We did find that using any of the sve
flags resulted in compiler errors for many workloads. The flags used in this test where auto-generated from this patch, which we've found to be infeasible. There is an ongoing task to figure out exactly which feature flags to include for Pixel 8 Pro but I think the ones you're using are fine.
Yes, avoid +sve
and +sve2
as they disable data-tiling ( @banach-space FYI ). No need to specify +reserve-x18
, IREE does that internally.
Thanks for gathering the detailed profiles above. Now the next step is to compare that to Tracy profiles of how IREE is spending its time. I see the tracy trace and disassembly that you shared above 2 days ago, so now the next step is to look into that.

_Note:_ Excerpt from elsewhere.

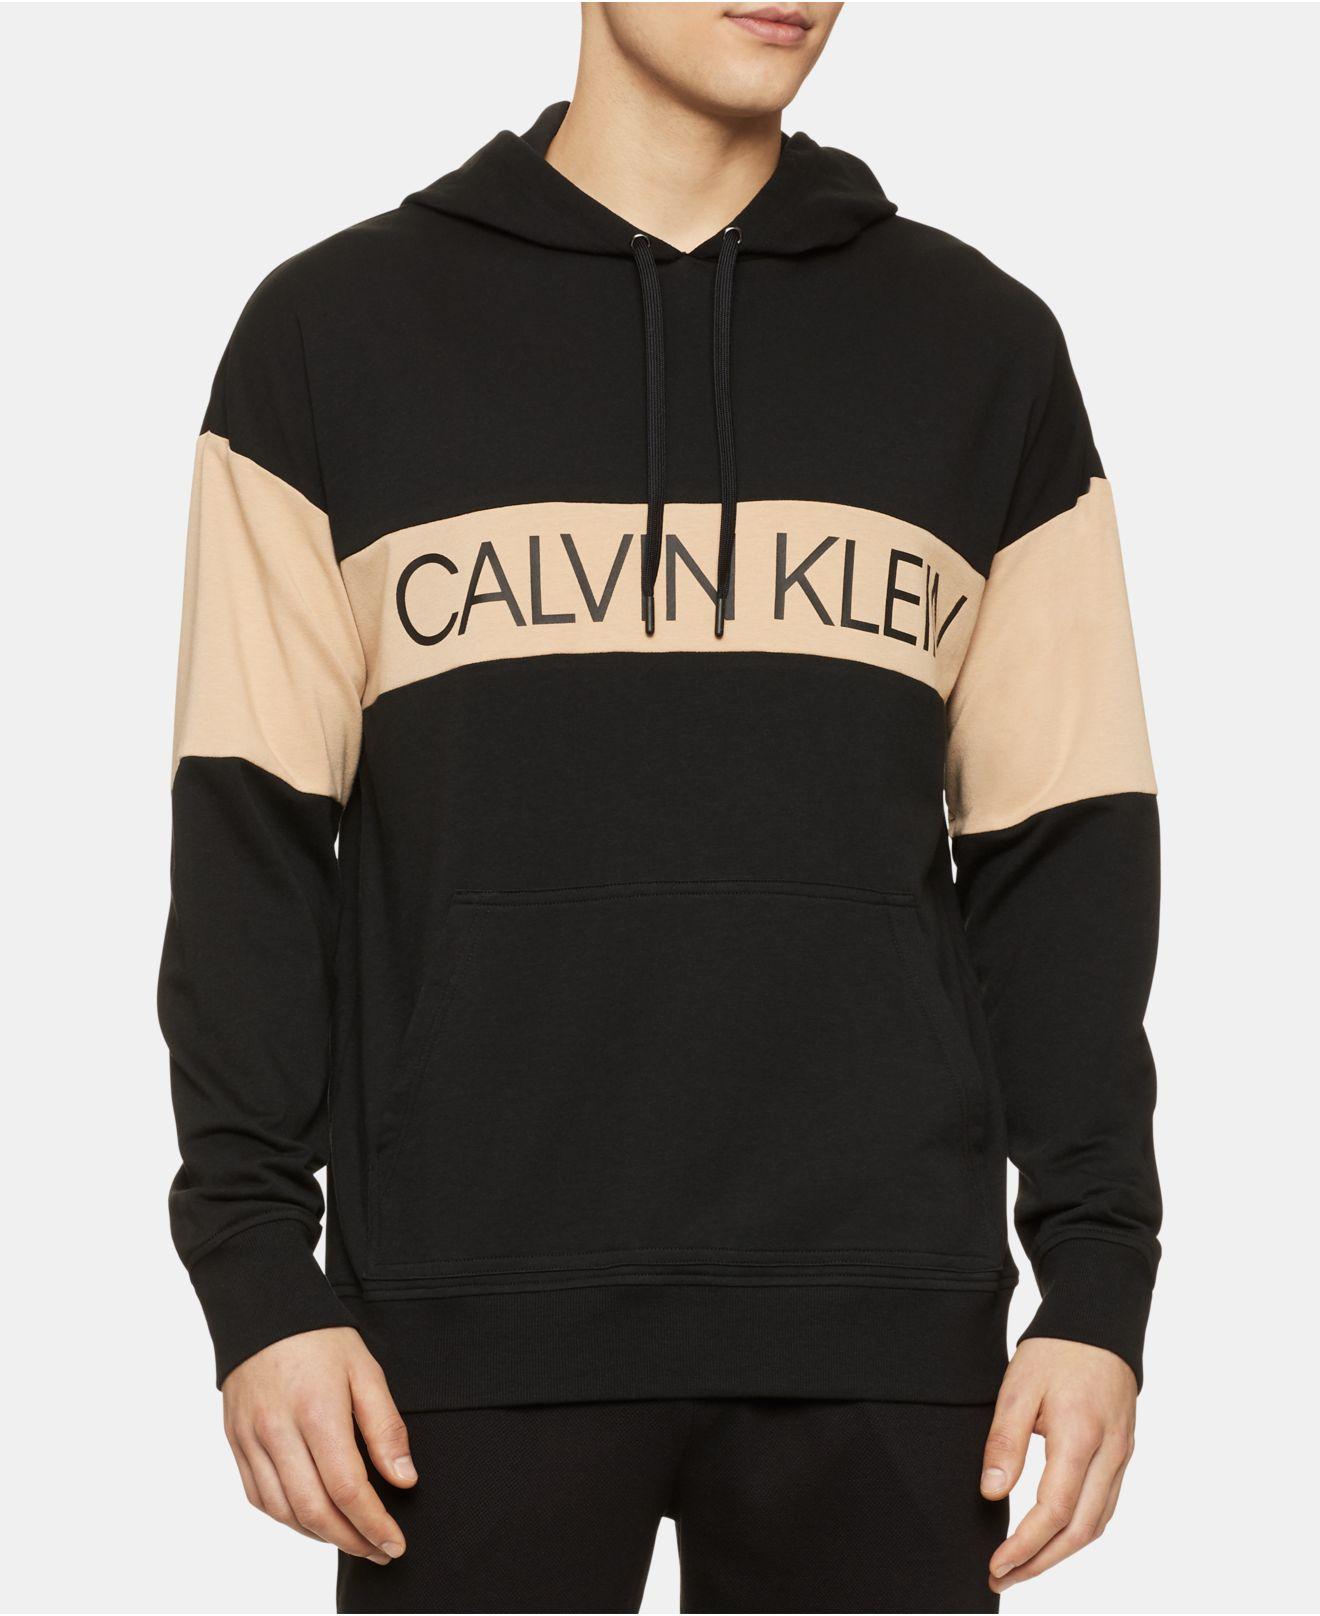 Calvin Klein Colorblocked Logo Hoodie in Black for Men - Lyst

Any idea what I may be missing?
@mariecwhite Could you check whether you have this change:
- https://github.com/llvm/llvm-project/pull/70039
(see the update in LowerVectorContract.cpp).
We did find that using any of the sve flags resulted in compiler errors for many workloads.
sve
and "scalable vectors" support is new and still incomplete. We are slowly patching various bits that make invalid assumptions about "scalability", but it will take a few more months. ATM I wouldn't use sve
for anything beyond a plain Matmul.
Having said that, bug reports and repros are very welcome :)

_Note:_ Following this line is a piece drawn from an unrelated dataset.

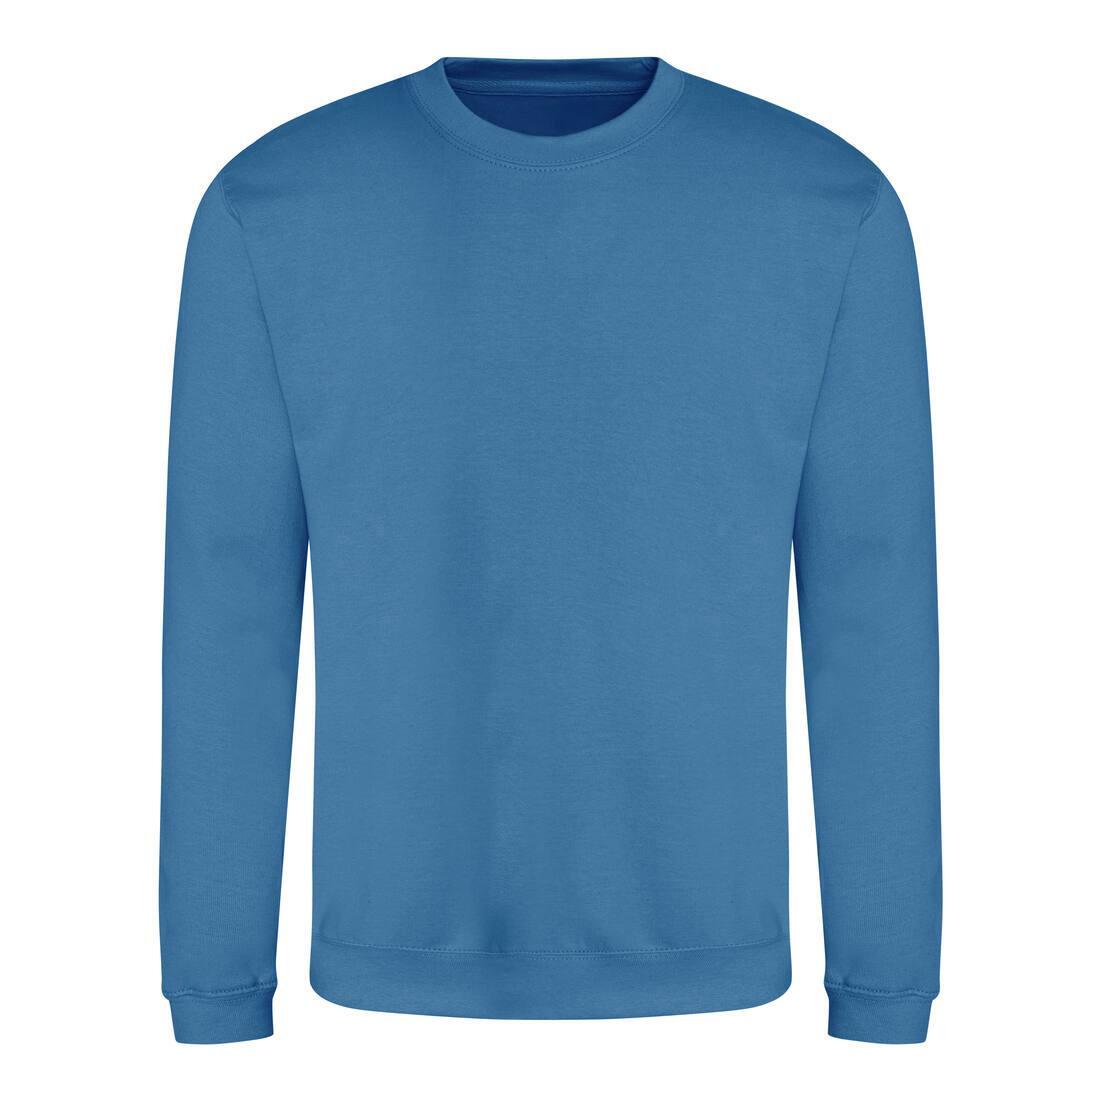 Sweater voor heren sapphire blue Just Hoods te personaliseren

I re-ran VIT at head (1f6c162fb) and confirmed that https://github.com/llvm/llvm-project/pull/70039 is included. It's slightly slower than the results reported in https://github.com/openxla/iree/issues/15399#issuecomment-1793047375.
IREE
Model | Threads | Latency |
---|---|---|
VIT_CLASSIFICATION_INT8_TFLITE_3X224X224XINT8 | 1 | 814 |
VIT_CLASSIFICATION_INT8_TFLITE_3X224X224XINT8 | 4 | 365 |
VIT_CLASSIFICATION_INT8_TFLITE_3X224X224XINT8 | 5 | 259 |
Feature flags used: --iree-llvmcpu-target-cpu-features=+fp-armv8,+neon,+crc,+lse,+rdm,+ras,+rcpc,+dotprod,+v9a,+sb,+ssbs,+fullfp16,+fp16fml,+i8mm,+bf16,+flagm
@bjacob Is there a way to tweak the number of threads used for ukernels? I'm wondering if we don't create too many of them with too little work in each of them.